IWPE’16 welcomes papers that focus on novel solutions based on recent developments in privacy engineering. Topics of interest include, but are not limited to:
  • Integrating law and policy compliance into the development process
  • Privacy impact assessment during software development
  • Privacy risk management models
  • Privacy breach recovery methods
  • Technical standards, heuristics and best practices for privacy engineering
  • Privacy engineering in technical standards
  • Privacy requirements elicitation and analysis methods
  • User privacy and data protection requirements
  • Management of privacy requirements with other system requirements
  • Privacy requirements implementation
  • Privacy engineering strategies and design patterns
  • Privacy-preserving architectures
  • Privacy engineering and databases
  • Privacy engineering in the context of interaction design and usability
  • Privacy testing and evaluation methods
  • Validation and verification of privacy requirements
  • Engineering of Privacy Enhancing Technologies (PETs)
  • Integration of PETs into systems
  • Models and approaches for the verification of privacy properties
  • Tools and formal languages supporting privacy engineering
  • Teaching and training privacy engineering
  • Adaptations of privacy engineering into specific software development processes
  • Pilots and real-world applications
  • Evaluation of privacy engineering methods, technologies and tools
  • Privacy engineering and accountability
  • Organizational, legal, political and economic aspects of privacy engineering

This topic list is not meant to be exhaustive, as IWPE'16 is interested in all aspects of privacy engineering. However, to screen out off-topic papers early in the review process, we request authors to submit an abstract prior to their paper submission. Abstracts of papers without a clear application to privacy engineering will be considered outside the scope of this workshop and may be rejected.

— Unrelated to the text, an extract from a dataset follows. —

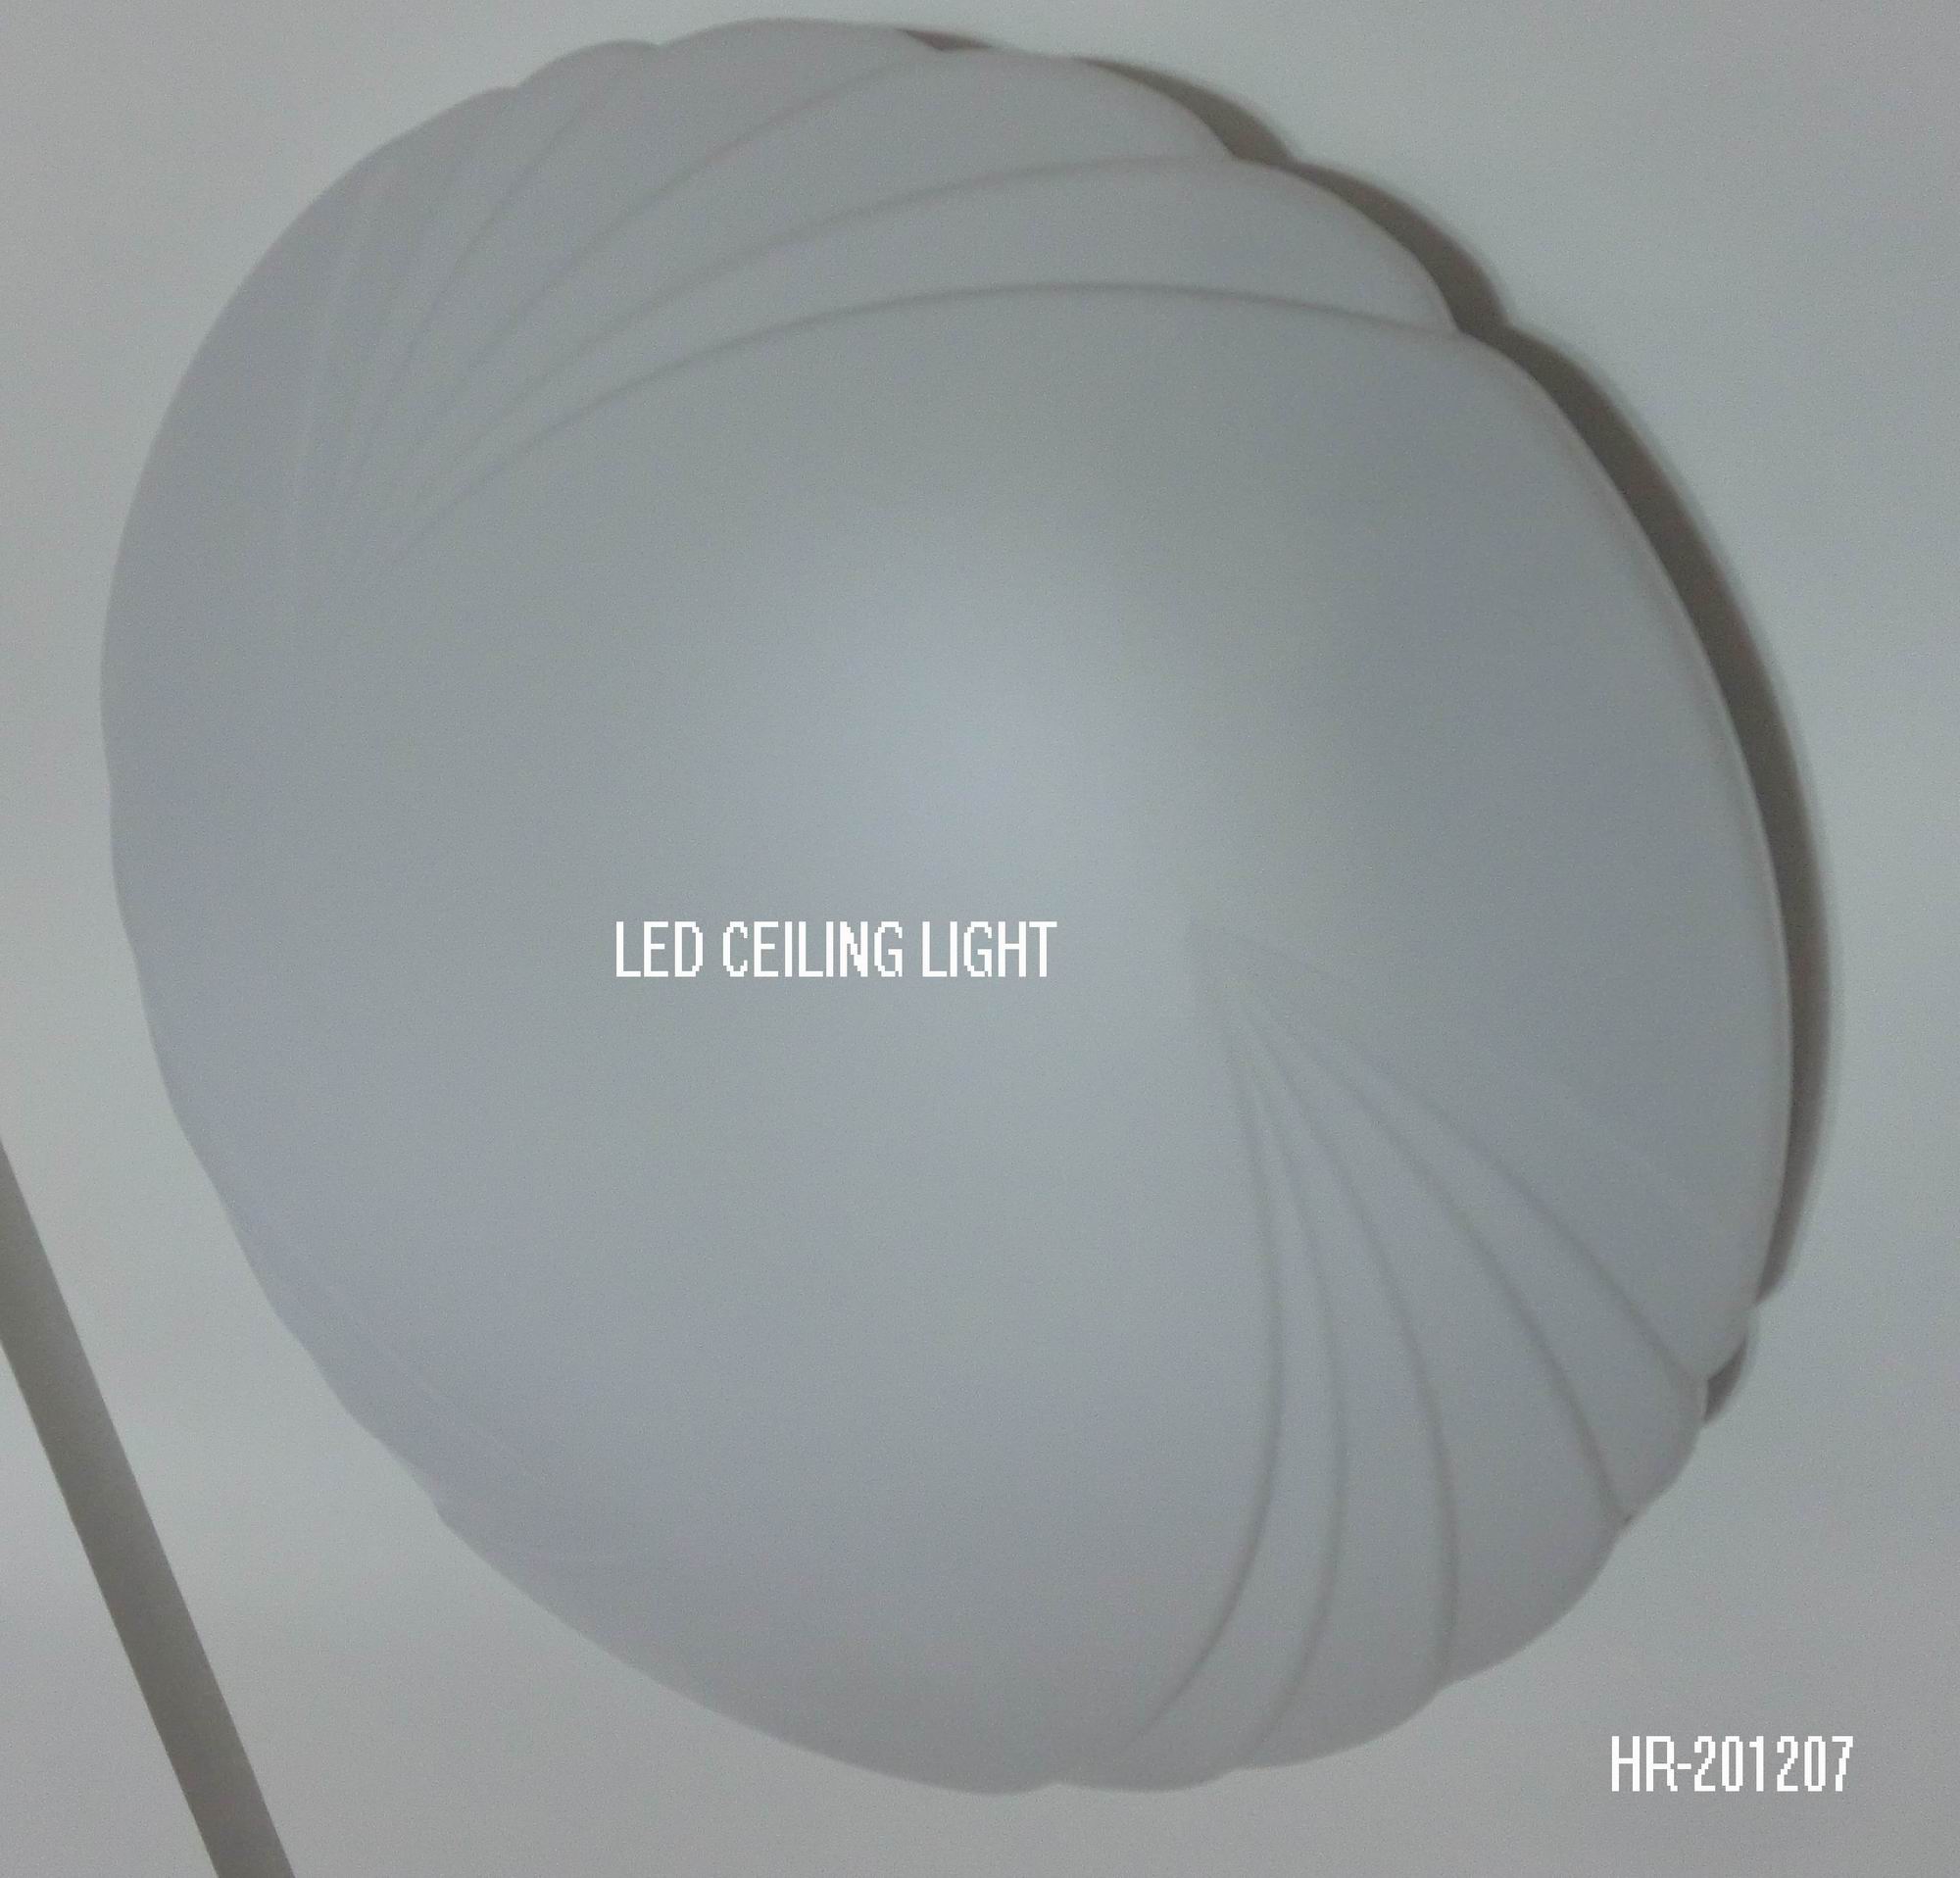 LED CEILING LIGHT HR-201207Spec:Unit:

We solicit unpublished short position papers (up to 4 pages) and long papers reporting technical, research or industry experience (up to 8 pages) on all dimensions of the privacy engineering domain. Each paper, written in English, must follow IEEE Proceedings format. Submission of a paper should be regarded as a commitment that, should the paper be accepted, at least one of the authors will attend the workshop to present the paper.

Abstracts and papers must be submitted via EasyChair

All IWPE'16 Papers will be published in IEEE eXplore, which is indexed by EI Engineering Index, ISI Conference Proceedings Citation Index (CPCI-S), Scopus, etc.